BeetBeater: waterless beet processing for biogas plants
BeetBeater: waterless beet processing for biogas plants
Damme, November-12, 2012 - The Grimme BeetBeater is the first system which works without water for a complete stone separation and preparation of sugar beet. This ensures an economic use of biogas processing all year round. Until today, traditional energy intense washing systems with poor output achieved a clean stone separation of sugar beet. The high creation of waste water becomes more and more of a problem concerning recycling. This has kept many bio gas plant farmers away from using sugar beet for their biogas plant.
The BeetBeater processes the beet directly before it enters the fermenter. The Receiving Hopper with its 20 m³ capacity receives ensilaged or fresh sugar beet. The cost effectice key is the ensilaged beet which enables the farmer to feed the biogas plant all the year round.

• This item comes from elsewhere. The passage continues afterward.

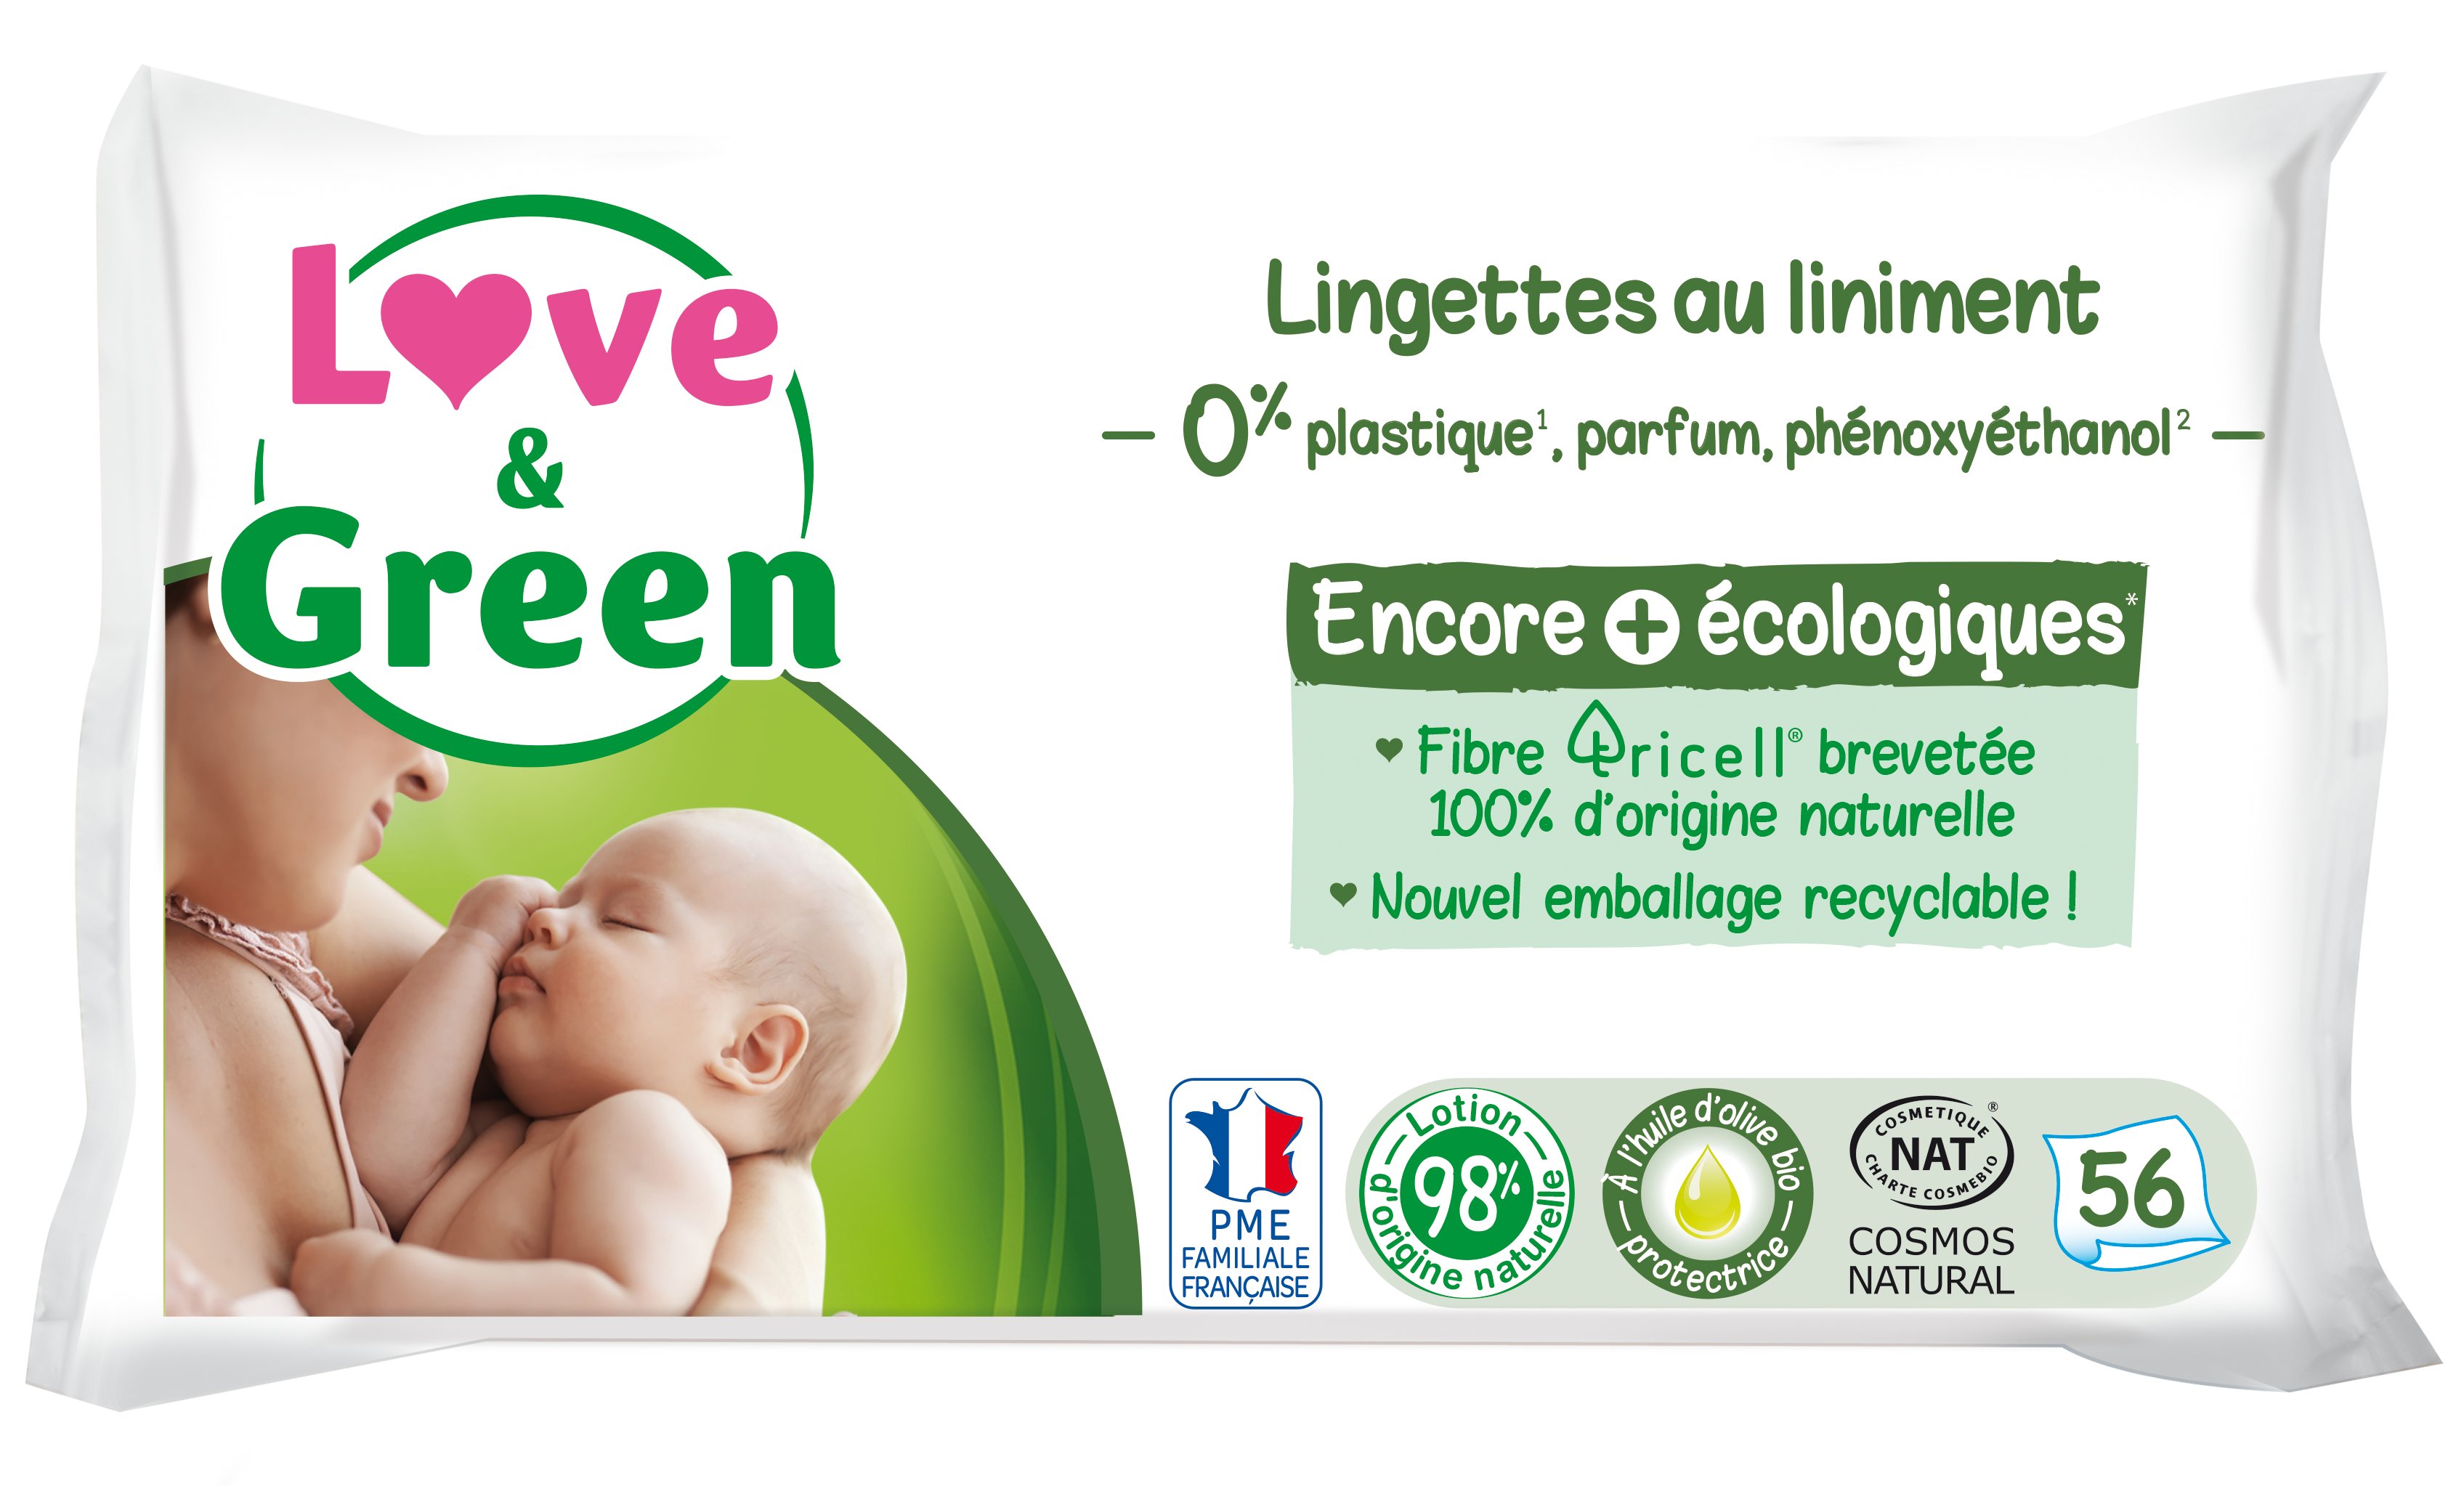 Love and Green  Lingettes au liniment - Dentimed - A Swiss

The Receiving Hopper transfers the sugar beet onto the roller table consisting of six 1.2 m wide PU coils with infinitely distance and speed adjustment. The roller table ensures the final beet cleaning of soil and trash separation and forwards it to the turnstile. Sugar beet and remaining stones are lined up in a tray, with 2 axial rollers at the bottom and plain rollers at the side. Forwarded from the tray the beet and stones are transfered onto the patented* stone separator KEinstein (meaning no stones). This accustic system detects stones and beet and flips the stones out of the crop flow within seconds. Stopping of the machine for stone separation becomes unnecessary and only sugar beet is fed to the crumble rotor.
Heavy duty crumble rotors cut the sugar beet into small matchbox sized chips, thus allowing a fast processing of the microorganisms in the biogas plant. For safety reasons an extra stone protection has been fitted to the crumble rotor. Should a stone pass into the crumble rotor it would block the cutter. Immediately the beet feeding stops, reversing of the rotor starts and transfers the stone through a stone flap out of the beet flow. Then automatically the beet flow starts again.